How do identified in this manuscript genes, and specifically those which expression induced dimorphic transition, relate to MAPK, PKA and Rim signaling pathway which are known to regulate dimorphic transition? This is crucial to understand the molecular mechanism(s) underlying copper-dependent dimorphic transition. The authors should propose some model and compare their data with other studies (for instance see Pomraning et al mSphere. 2018 5;3(6):e00541-18; Morales-Vargas et al. Res Microbiol 2012 163(5):378-87; Morin et al. J Mass Spectrom. 2007 42(11):1453-62)

 

 Minor comments:

-       Authors should avoid generalization on abstract and mention exactly what kind of “yeast cell activities were decreased by Cu(II) treatment and then increased during the yeast-to-hyphae transition” (lines 16-17).  

-       Fig. 1 - author should provide quantification of the “significantly promoted” dimorphic transition.

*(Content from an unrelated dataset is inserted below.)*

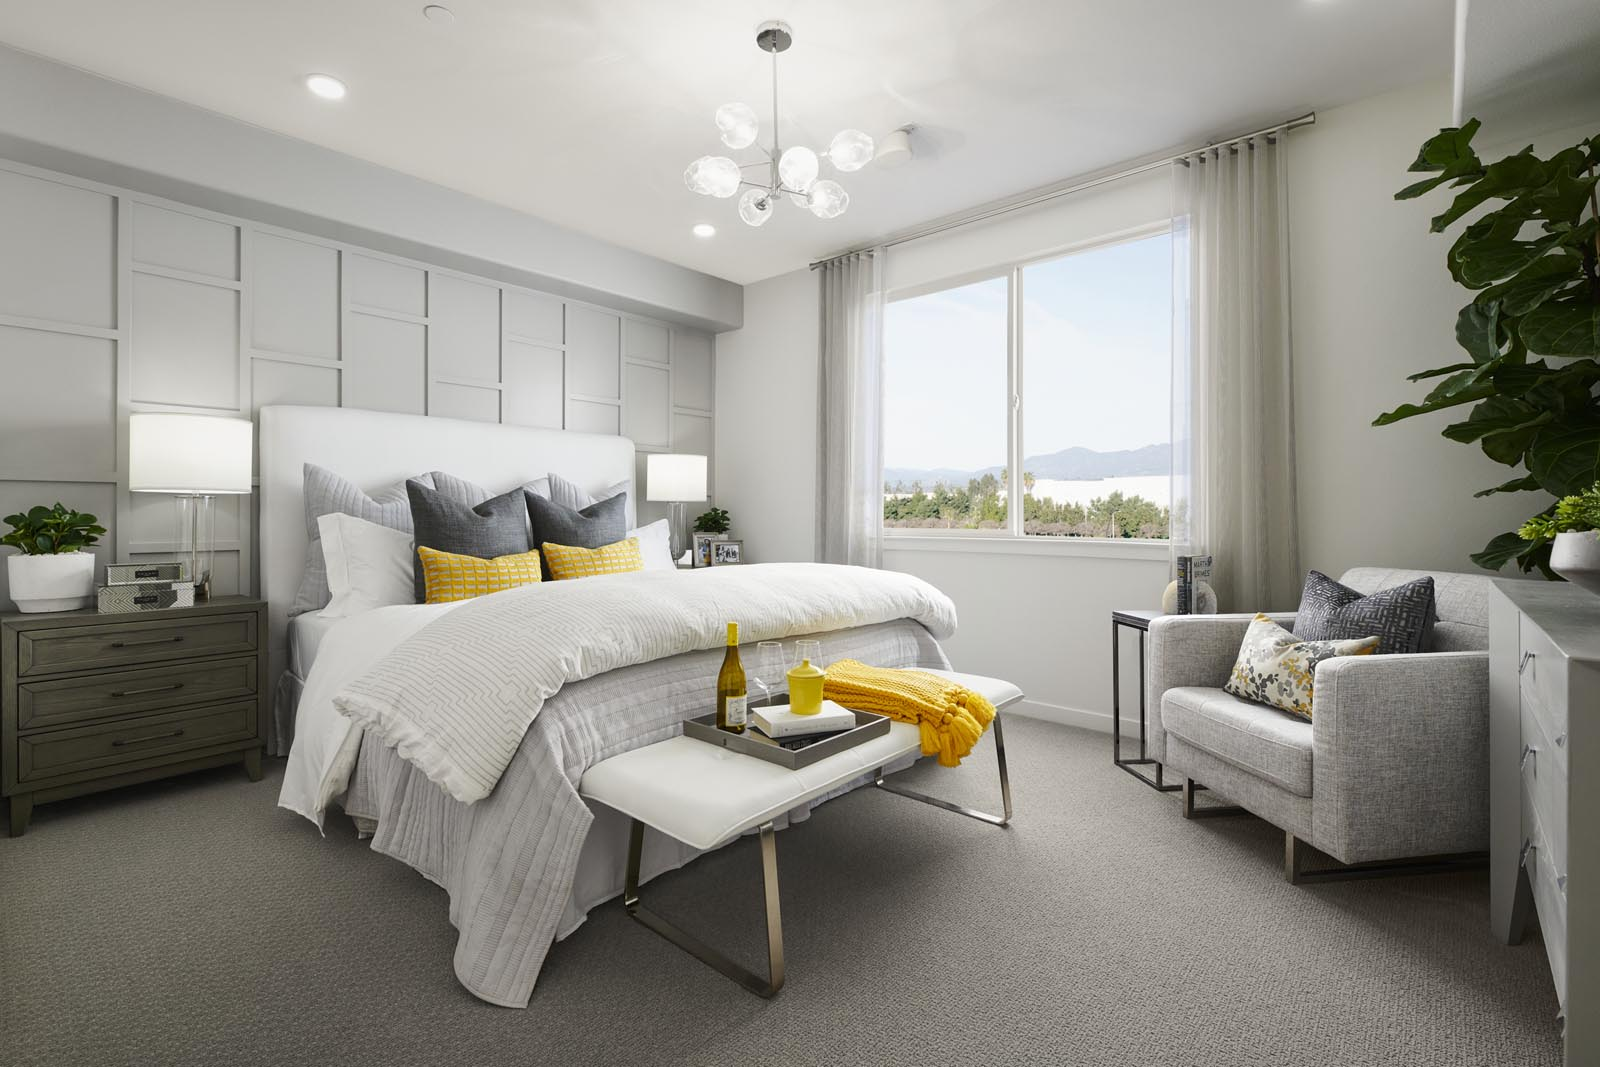 Master Bedroom   Residence 1   Aspire   New Homes in Rancho Cucamonga, CA   Van Daele Homes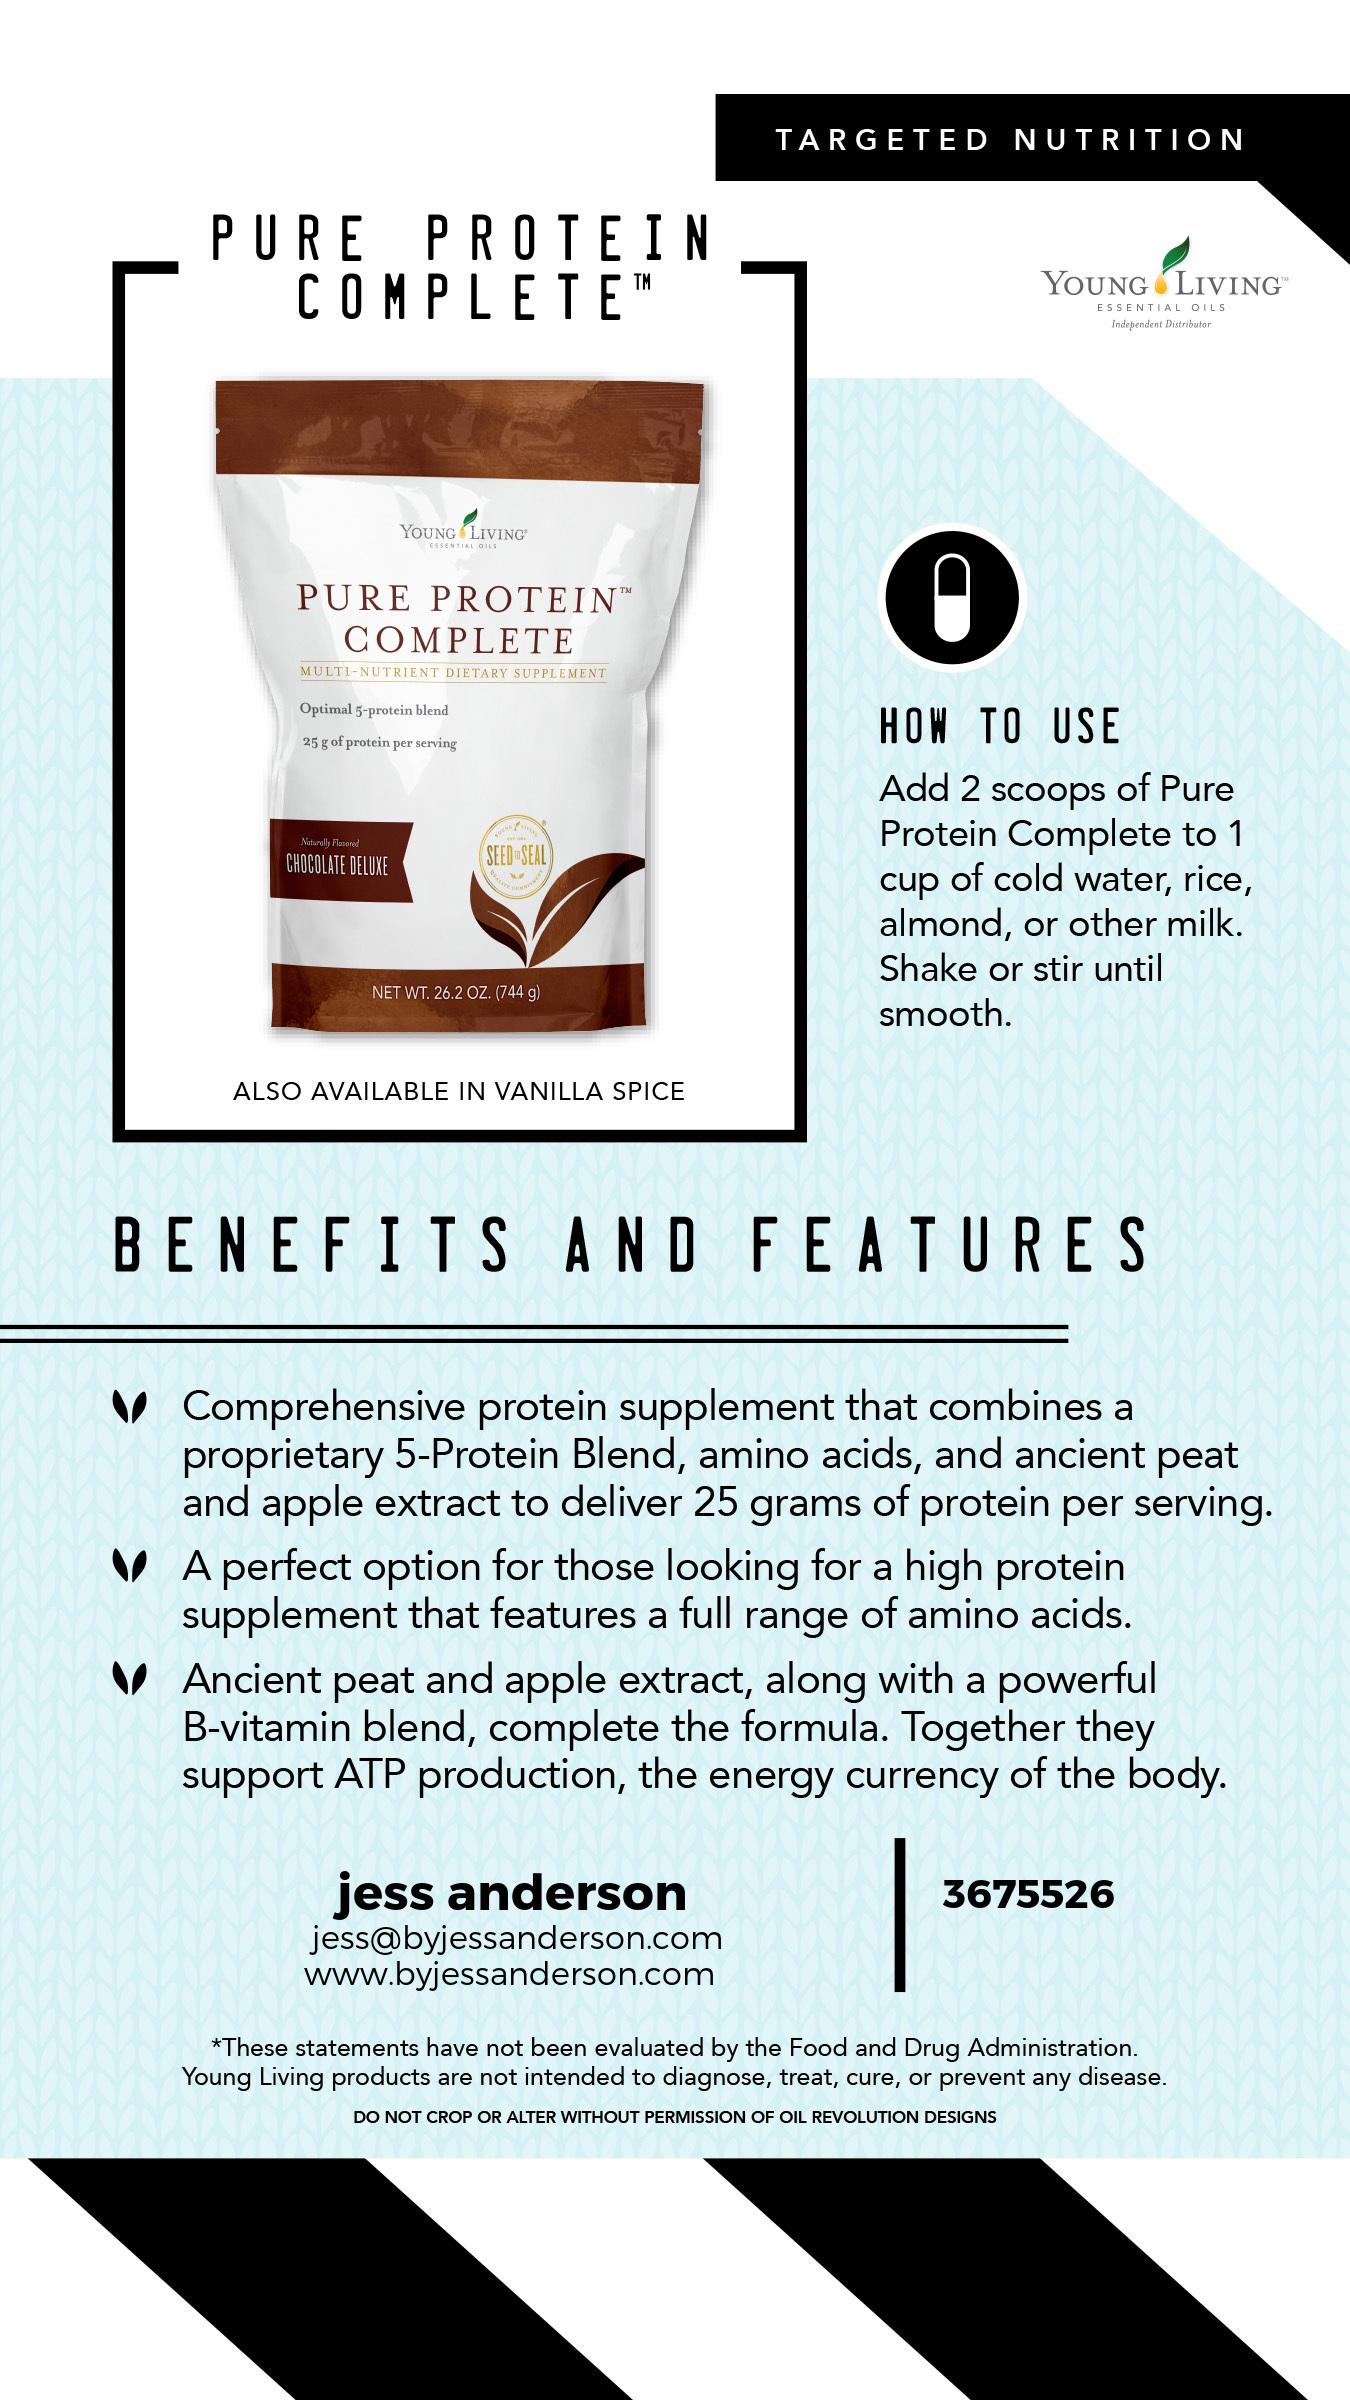 19-Pure-Protein-Complete-Instastory.jpg

-       Line 9 – author should not mistake CTR1 transporter and CRF1 transcription factor. 

-       I wonder why the authors cultivated Y. lipolytica cells at so high glucose concentration (5% instead of 2%). Does this influence copper toxicity?

-       The growth medium used in this study does NOT correspond to classical YPD broth (Yeast extract 1% ; Peptone 2% ; glucose 2%). This should be corrected and the medium renamed.

-       Fig 1  - should use “Control” instead of “no ion”, since the growth medium has plenty of ions.  

-       Fig. 5 –  please verify the pathway “chemokine signaling pathway”, yeast cells do not exhibit chemokine system.

-       Provide citation for KOG database.